I've ended up mostly using an "exploding kitty" style handling of situations that might fail. Any function that may fail returns a special optional that will "explode" (abort & write an error message) if you just use it's value without checking or "defusing" it first. Makes the code flow very straight forward, and any unexpected situation is localized (you don't end up getting 100+ stack traces).

@N.... 6 месяцев назад

That has its advantages, but a problem is that the location where the "explosion" occurs might be rather far away from when the initial problem actually occurred, e.g. due to storing that explosive optional and accessing it later. This can make debugging it rather difficult.

@MatthewWalker0 6 месяцев назад

that's a fun card game ;)

@AGeekTragedy 6 месяцев назад

I was expecting the reveal to be that the "something else" that we need in the language is often just a variant (or an optional or an expected). That would fulfil a lot of the stated requirements: deterministic (at least as far as the types in the variant are); flexible (i.e. not "a monolithic chainsaw"); and able to communicate different types of information differently.

@TheArech 6 месяцев назад

Excellent talk, one of the best I've seen. Thank you, Erik!

@anon_y_mousse 6 месяцев назад

I'm sure it's in your list, but file open errors would be a type that is recoverable. Generally it's due to the user mistyping a file name and you can simply request that they try again. As a compiler author, another would be malformed code fragments. Say for instance you're designing a language that uses semicolons as statement terminators. You might decide that when you can reason about whether what you've seen thus far is a complete statement that you only need to warn the user that they dropped a semicolon. If you can't reason about it, then by all means abort with an error, but that's frequently not the case.

@terragame5836 4 месяца назад

You don't really need full understanding of an error to handle it. Quite often, you only need to know some bounds for what the error could affect. Like, for instance, running a third-party plugin, getting an error from it and deactivating it while having confidence that any possible damage is localized to its inner workings. You don't really care what the error is in this case (other thanfor debugging), but you have a very clear handling strategy for it regardless

@SolarLiner 6 месяцев назад

"Undefined behavior isn't so bad as long as it does the same thing everytime" (6:21) -- so that is, never? Even taking the system as a whole and as a black box, how can the funtional safety practitioner sign off on the behavior of a system that is eventually led by undefined behavior? The crutch is in the name, the behavior of the software is undefined, and therefore cannot be relied upon. It can't "[do] the same thing everytime", there are no guarantees or documentation, might change from one compiler to the next, or from one (abstract|concrete) machine state to the next. I am not in safety-critical software, so maybe I'm missing something here, but I really don't understand the point of view. I also haven't watched the rest of the talk yet, so that may be adressed in a further section or in the questions.

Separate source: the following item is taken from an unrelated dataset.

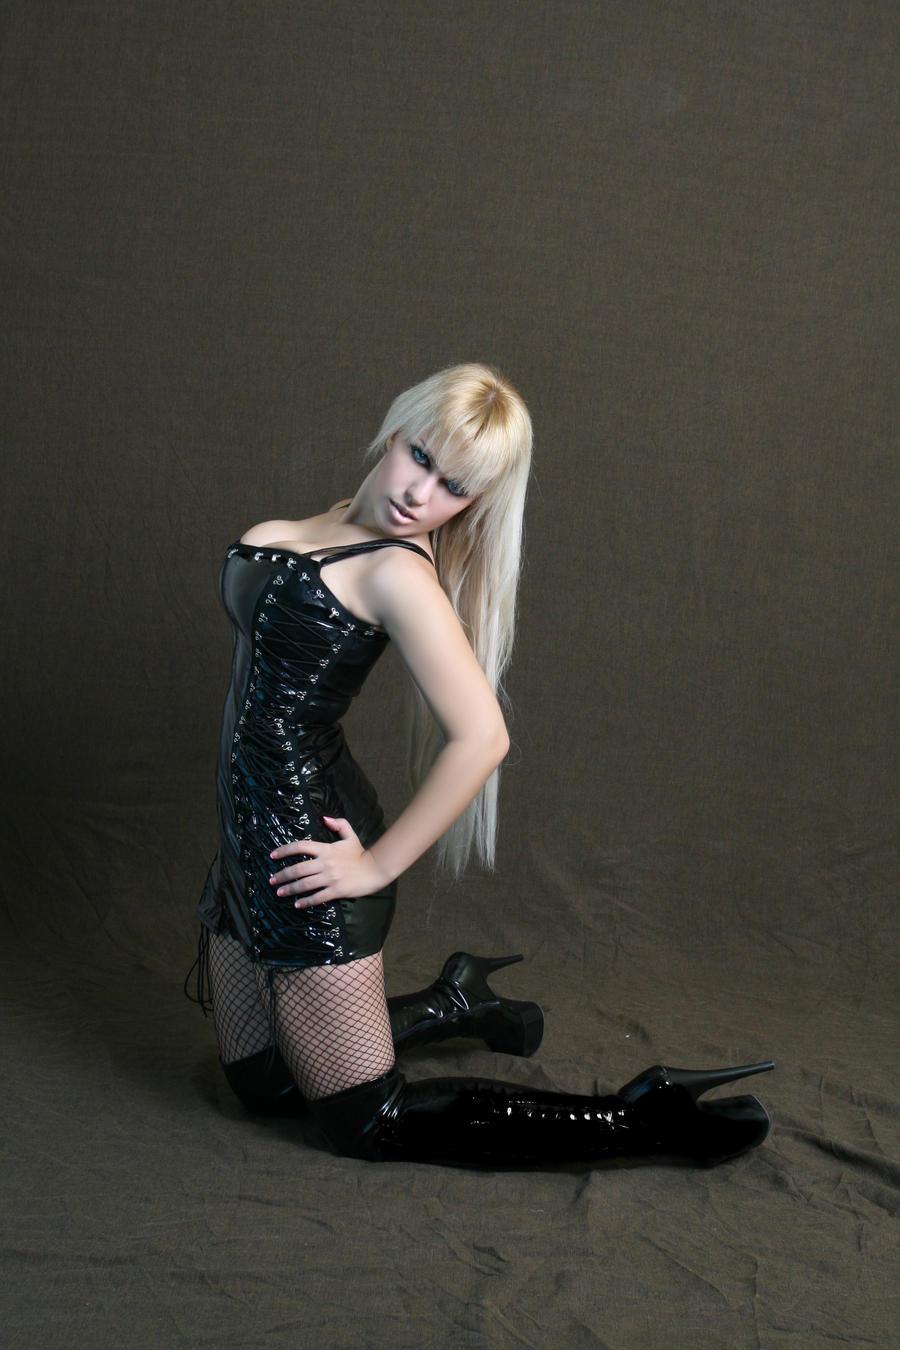 http://fc01.deviantart.net/fs51/i/2009/315/b/4/Black_Vinyl_High_Heels_Stock_by_tanit_isis_stock.jpg

@ABaumstumpf 6 месяцев назад

"how can the funtional safety practitioner sign off on the behavior of a system that is eventually led by undefined behavior?" You are looking at that from the completely wrong direction. Accessing a float as an int is undefined behaviour - and a very popular example of how that can be used. Your error is equating the language-specifications with reality. What C++ says is undefined behaviour has no impact on what the compiler will do. "there are no guarantees or documentation" And this is also completely wrong. the language can ONLY say what is undefined based on its own rules. Have you ever seen microcontrollers? Many of them come with their own compiler that simply make certain actions well-defined behaviour and that behaviour IS guaranteed. You still write your code normally in C++, everything works as you would expect with the only difference being that you can also do thing that C++ does not define a behaviour for.

@vbregier 6 месяцев назад

@@ABaumstumpf It has an impact on what the compiler may do in the future ; that’s the whole point of undefined behavior. If your safety-critical system is relying on the specific implementation of a particular version of a particular compiler, I don’t think it should be advertised as safe… Your system may break without you knowing at any compiler upgrade.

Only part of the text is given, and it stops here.